*BRIEF*: Please reproduce all of the data below exactly, leaving each picture out.

*RAW DATA*:
++++++++++++++++++++

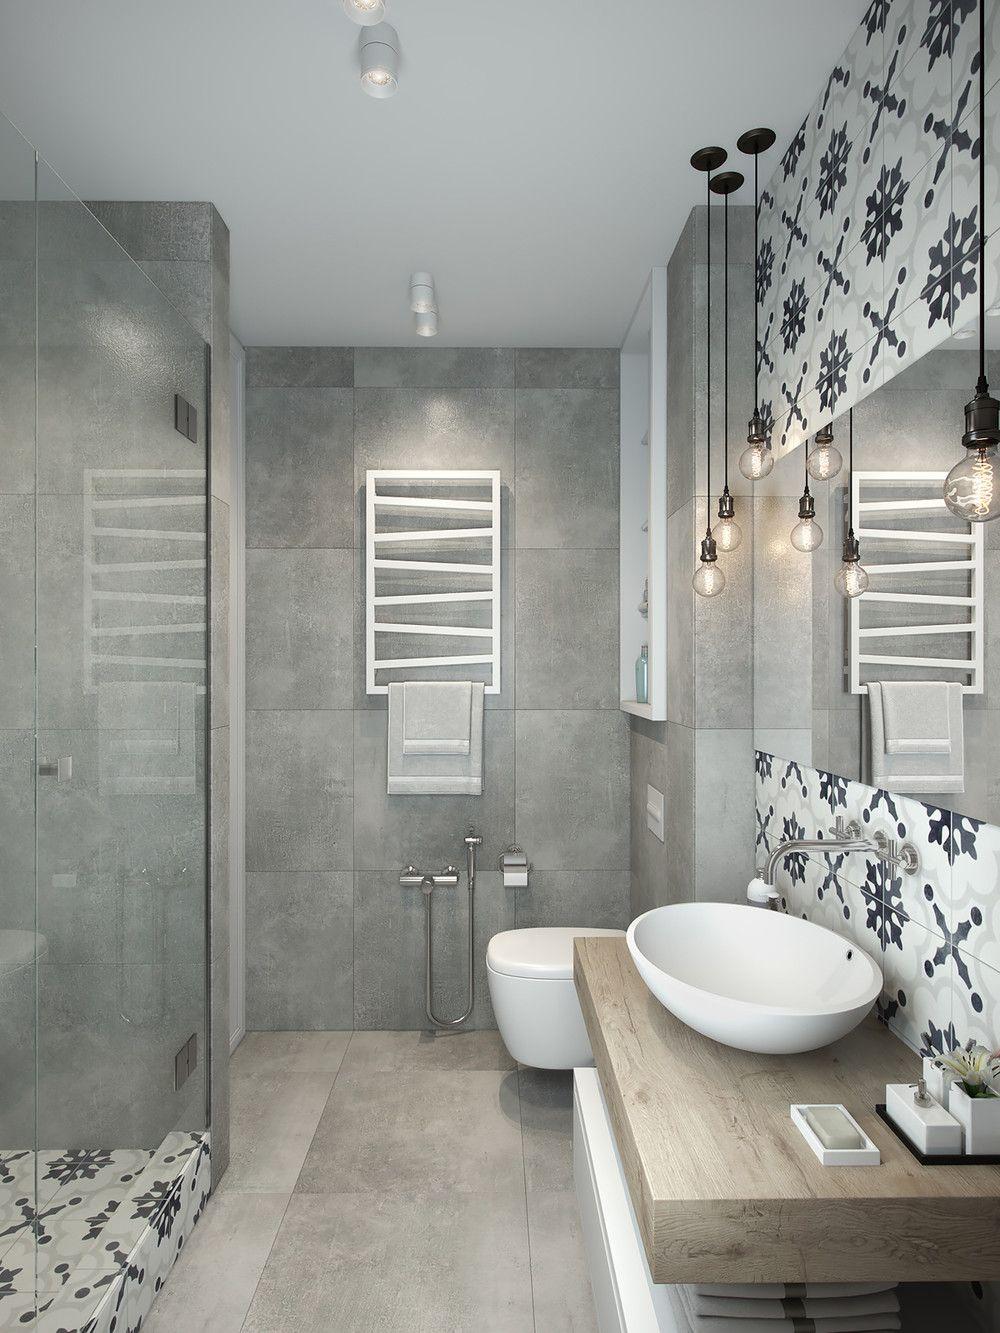 original diseño de baño | baños | pinterest | diseño de baño, baño
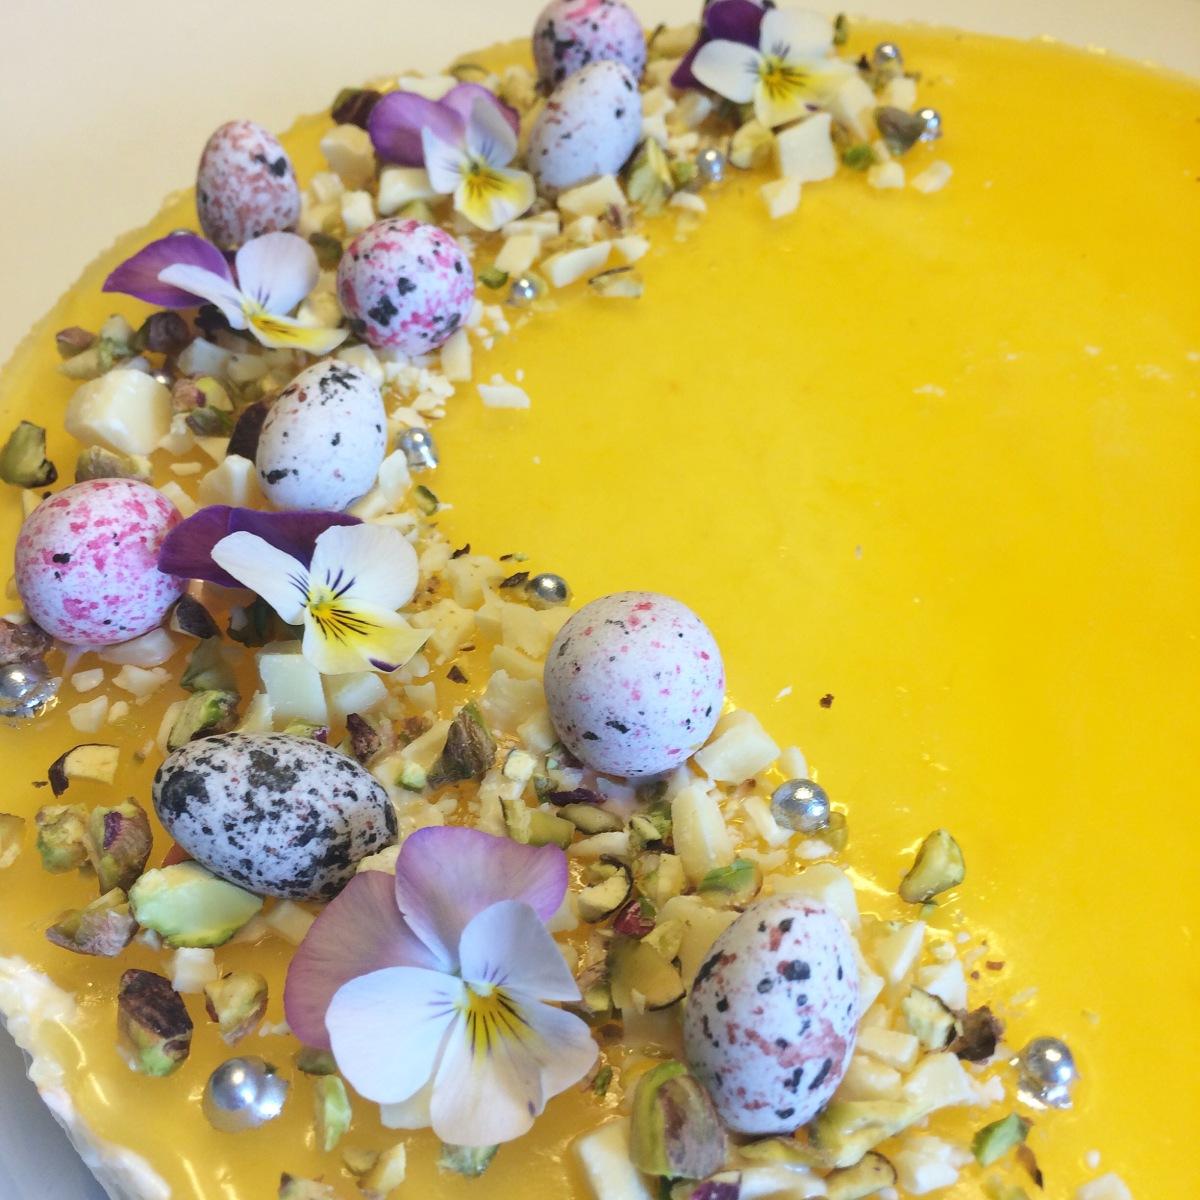 Den ultimative påskekage - appelsincheesecake med påskeæg
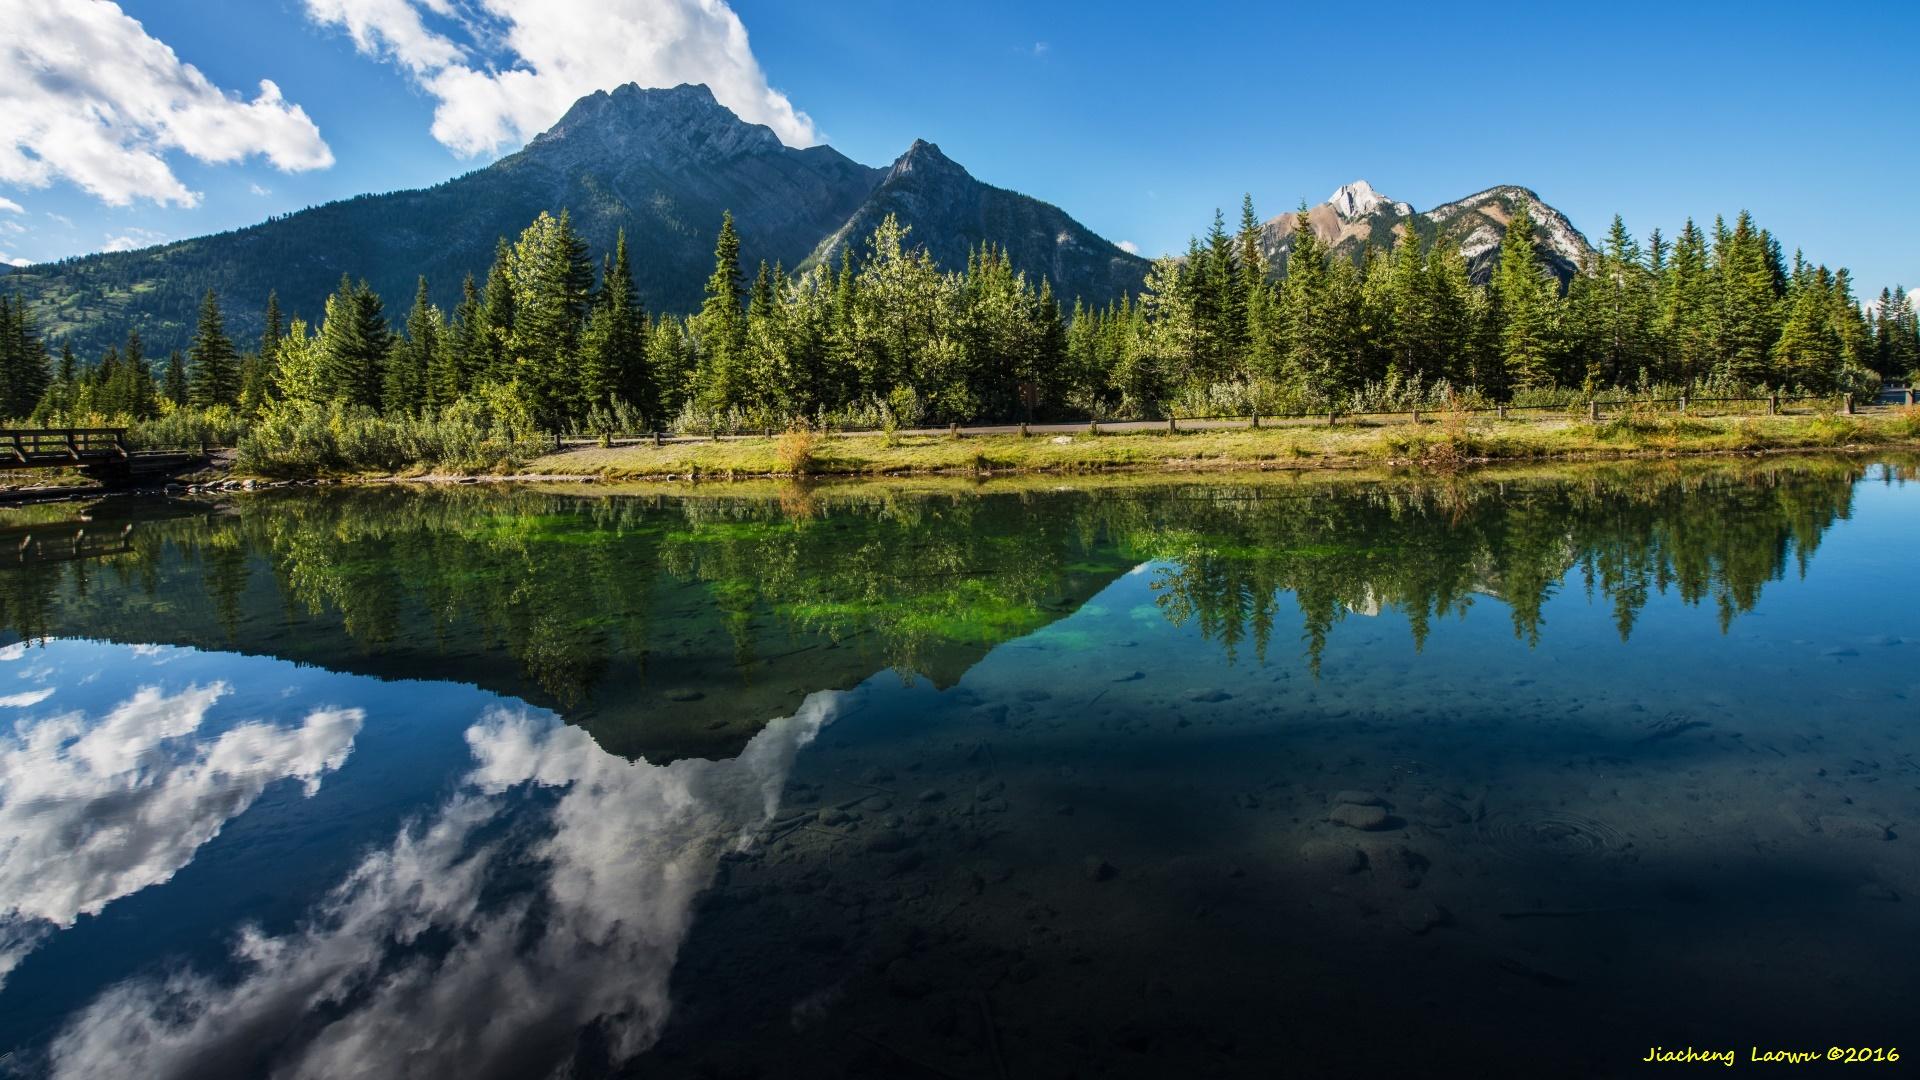 加拿大-美国洛基山之游(8)- 路边的风景
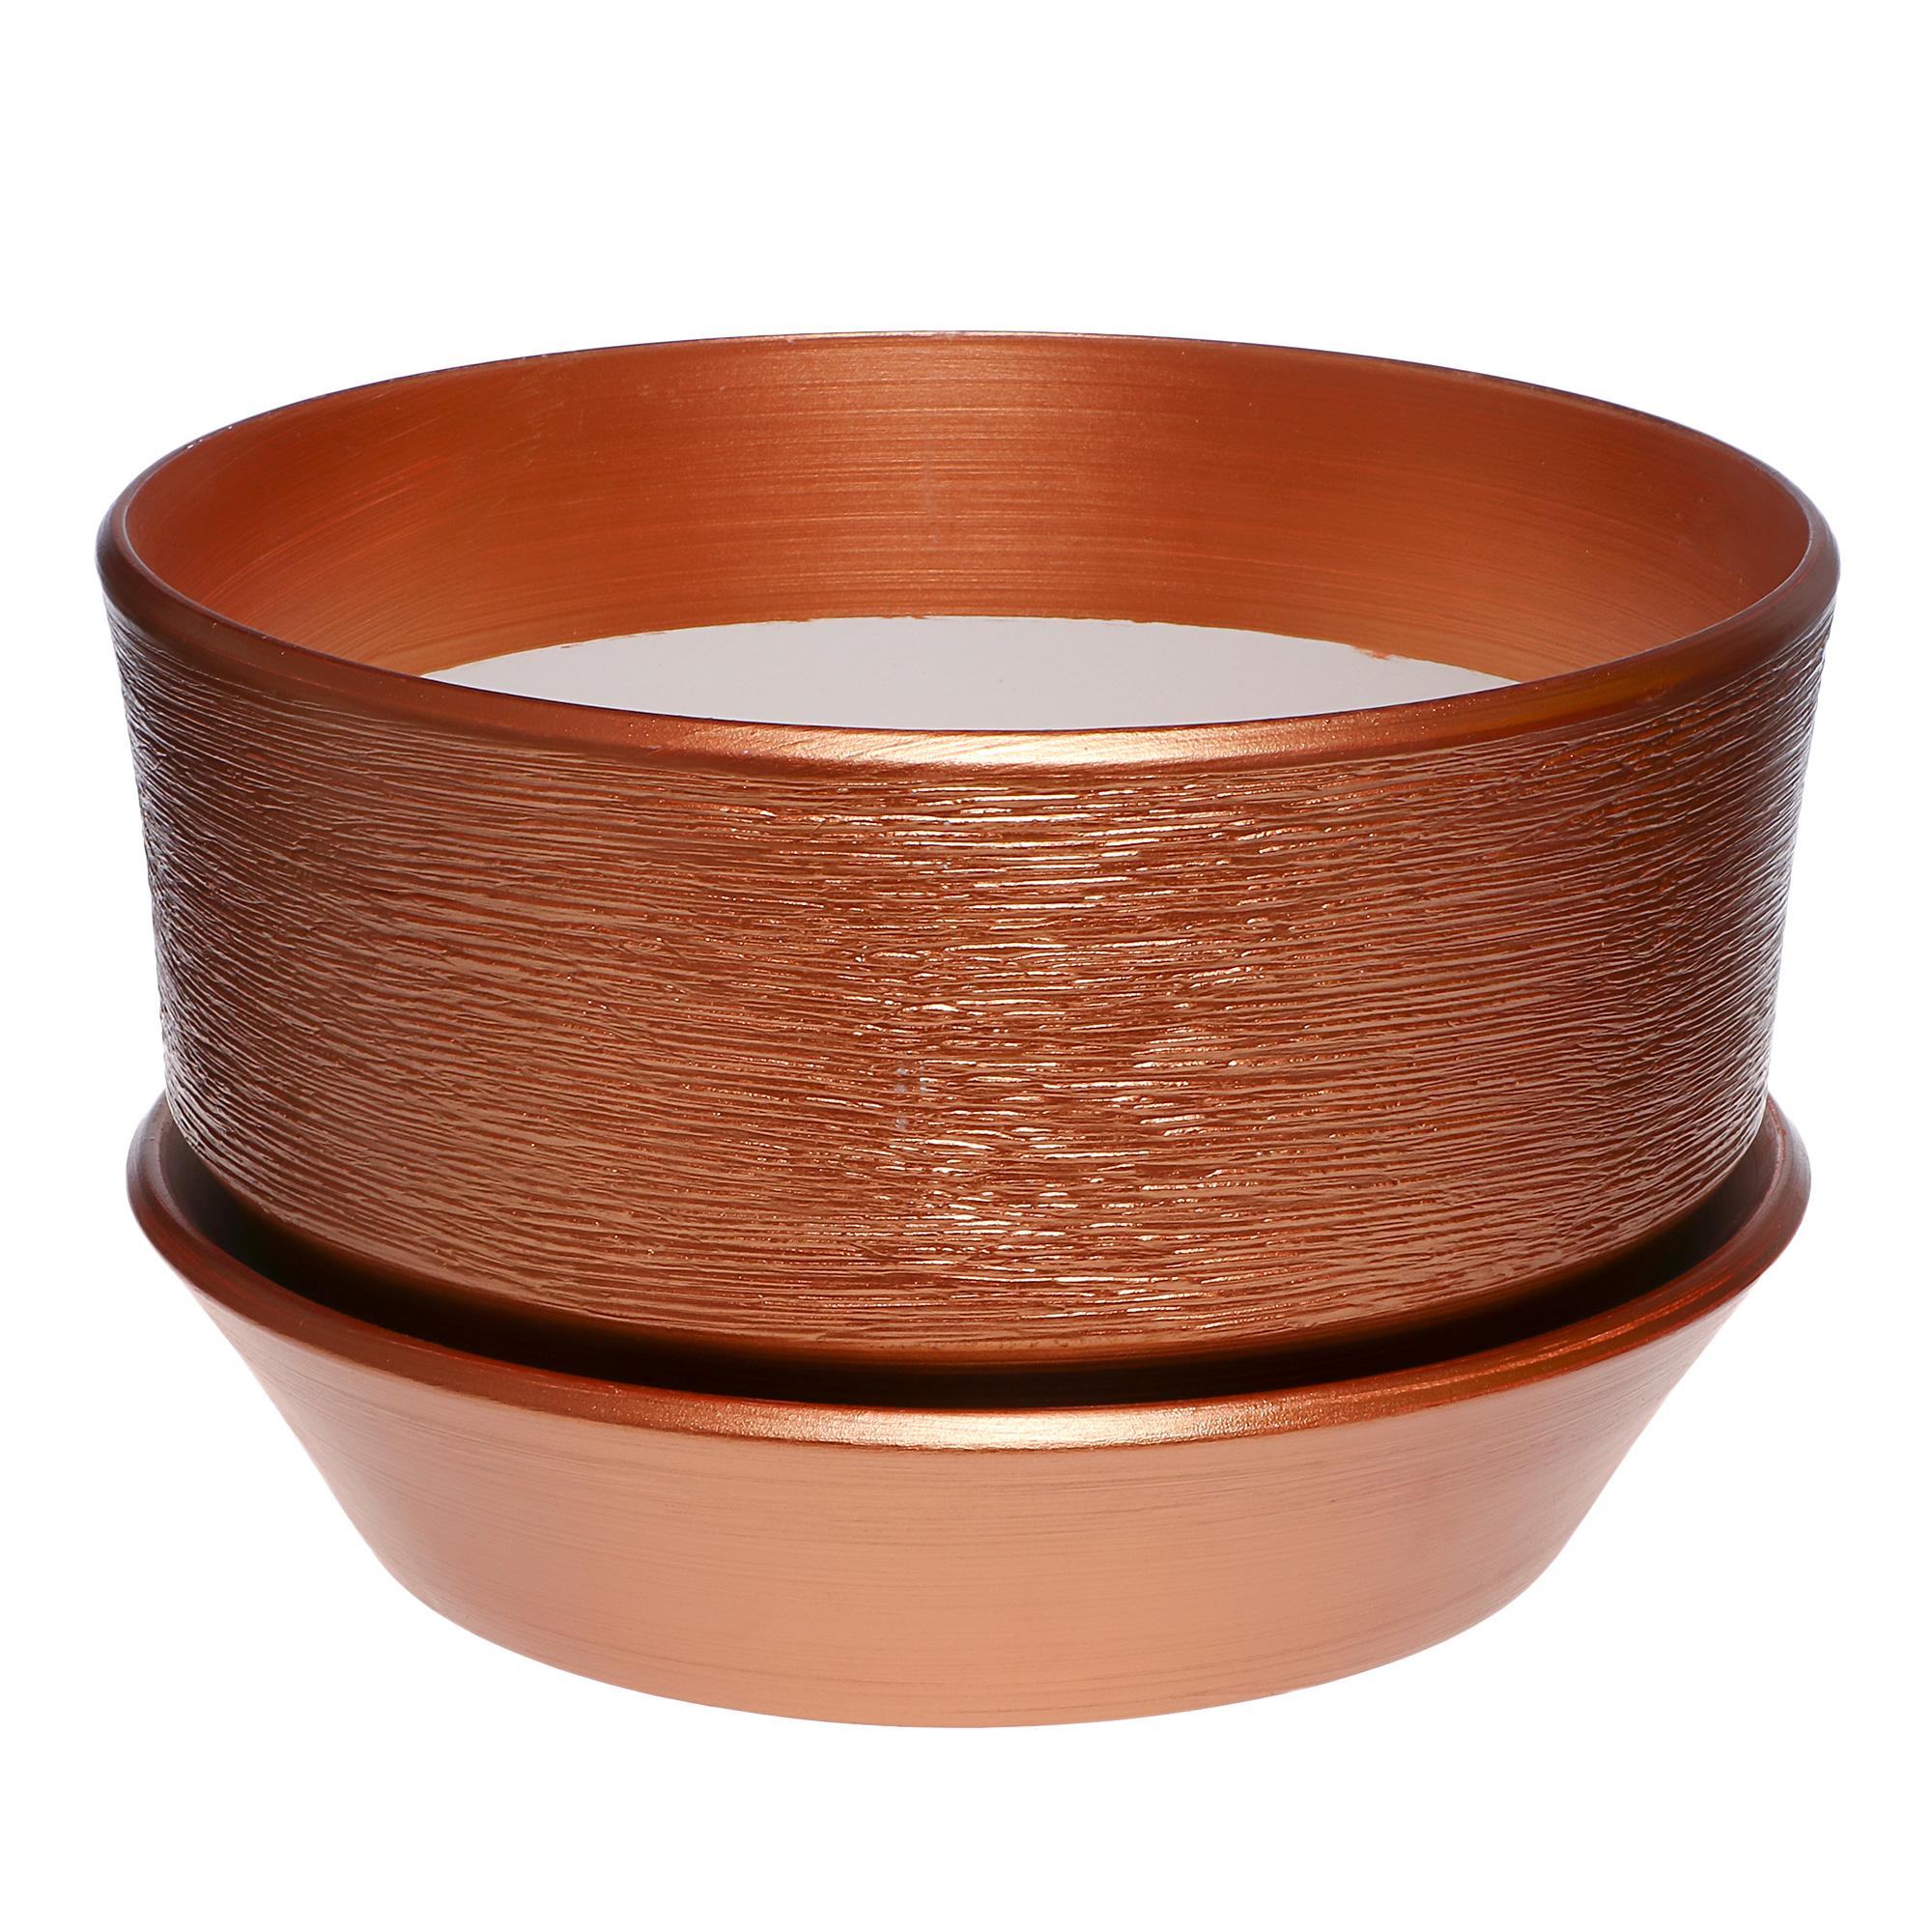 Фото - Горшок с поддоном керамический для цветов Керам бокарнейница бронза d 32см. горшок с поддоном керамический для цветов керам ксения глянец зеленый 9см

++++++++++++++++++++

*YOUR RESPONSE*:
 original diseño de baño | baños | pinterest | diseño de baño, baño
 Den ultimative påskekage - appelsincheesecake med påskeæg
 加拿大-美国洛基山之游(8)- 路边的风景
 Фото - Горшок с поддоном керамический для цветов Керам бокарнейница бронза d 32см. горшок с поддоном керамический для цветов керам ксения глянец зеленый 9см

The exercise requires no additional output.